Imagine a dozen robots that swarm a minefield to detect and mark mine locations, and do it far faster than soldiers with landmine detectors. NATO funded the first three years of the project, and recently provided another $420,000 grant to the group: scientists from F&M, Italy, Ukraine and Jordan.
“We’re working on a cooperative team of robots so each group will have one,” Bechtel said. “One of the things we’ll be working on is the communications between the robots, so that’s going to be a bit more physics than earth and environment.”
As a Hackman Summer Scholar, Aaron DiGregorio, a senior physics major, is conducting research on navigating the robot around minefield obstacles with Professor of Physics and Astronomy Fronefield Crawford, the other F&M scientist on the international team.
“We’re teaching it to move without bumping into trees and rocks, and to follow a clear path between mine-to-mine so the others can follow in tandem,” DiGregorio said.
DiGregorio’s collaboration with Crawford started last year and will continue well into the fall.
“What I’ve done so far is test out the feasibility of [the robot] using a metal detector, how well it images landmines, and how well it distinguishes them, and then seeing if combining images will get us a clearer image,” DiGregorio said.
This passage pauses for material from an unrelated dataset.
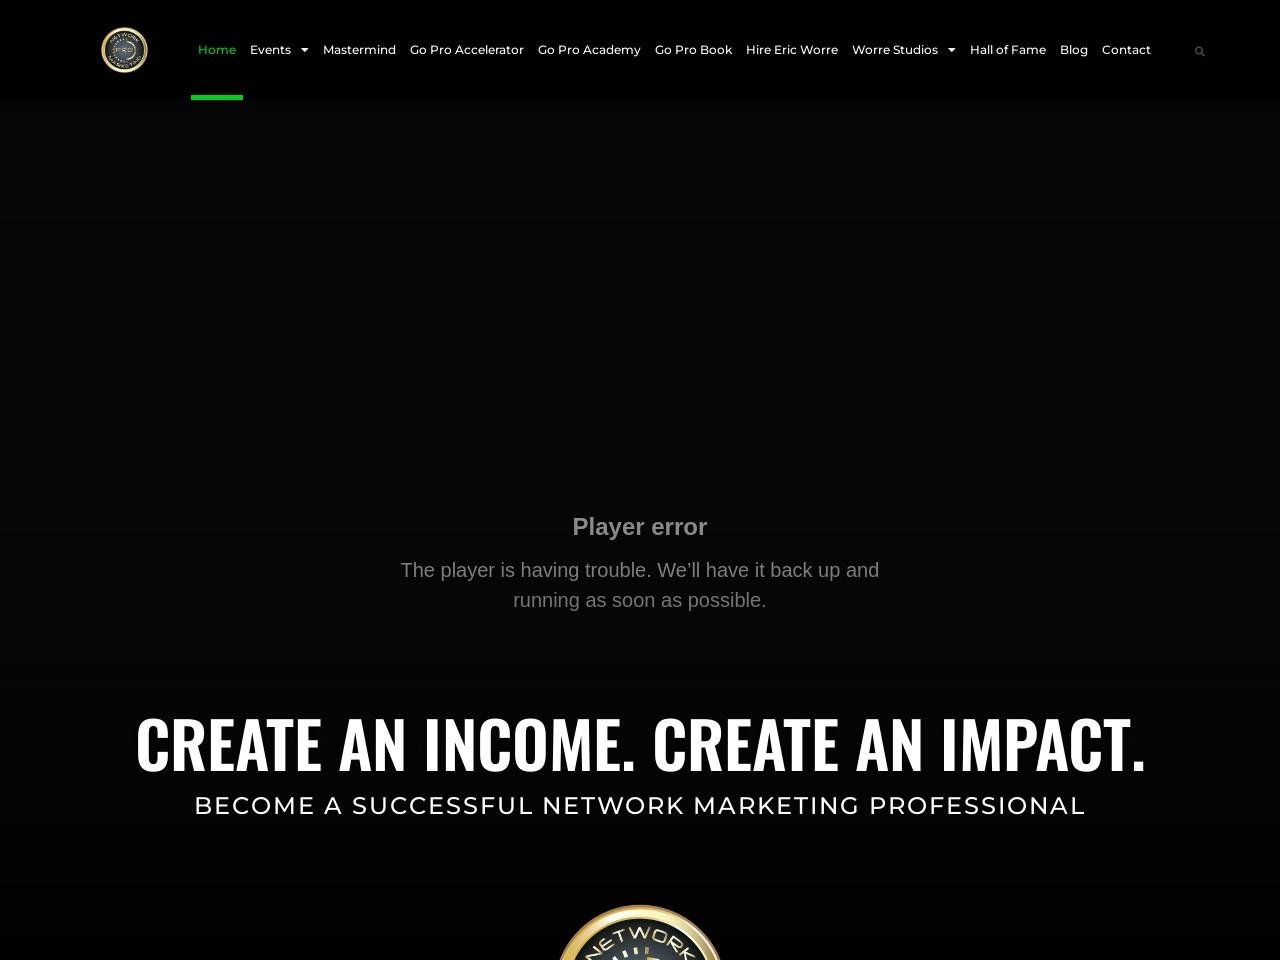 Networking Legend Harvey Mackay – Network Marketing Pro

Crawford said the first three years of the NATO program, during which the bread-box-sized robot was built, focused on developing a robot with sensors that could identify mines; this next phase focuses on several robots, each equipped with a certain set of sensors, following each other.
“We have three of these robots now,” Crawford said. “The first robot identifies a target, and the second robot follows in its path, goes to that same spot, and then images the target. The third robot comes along and further analyzes the object with a metal detector.”
Having several sensors examine the same object allows for proper identification of the object as something dangerous or something harmless, like clutter, he said.
“Our task at F&M is to think about how these robots can be controlled in a semi-autonomous way, to follow one another in a particular path laid out with flags,” Crawford said.
The robots operate on software developed by Clear Path, a robot company, but F&M researchers such as DiGregorio work to program the robots to talk to one another and to talk to a GPS-positioning-like master controller that directs them.
As he considers a master’s degree in engineering, DiGregorio said, “I came to F&M to do research because it’s such a good school for it, and it sounded like perfect things to do, and I was right.”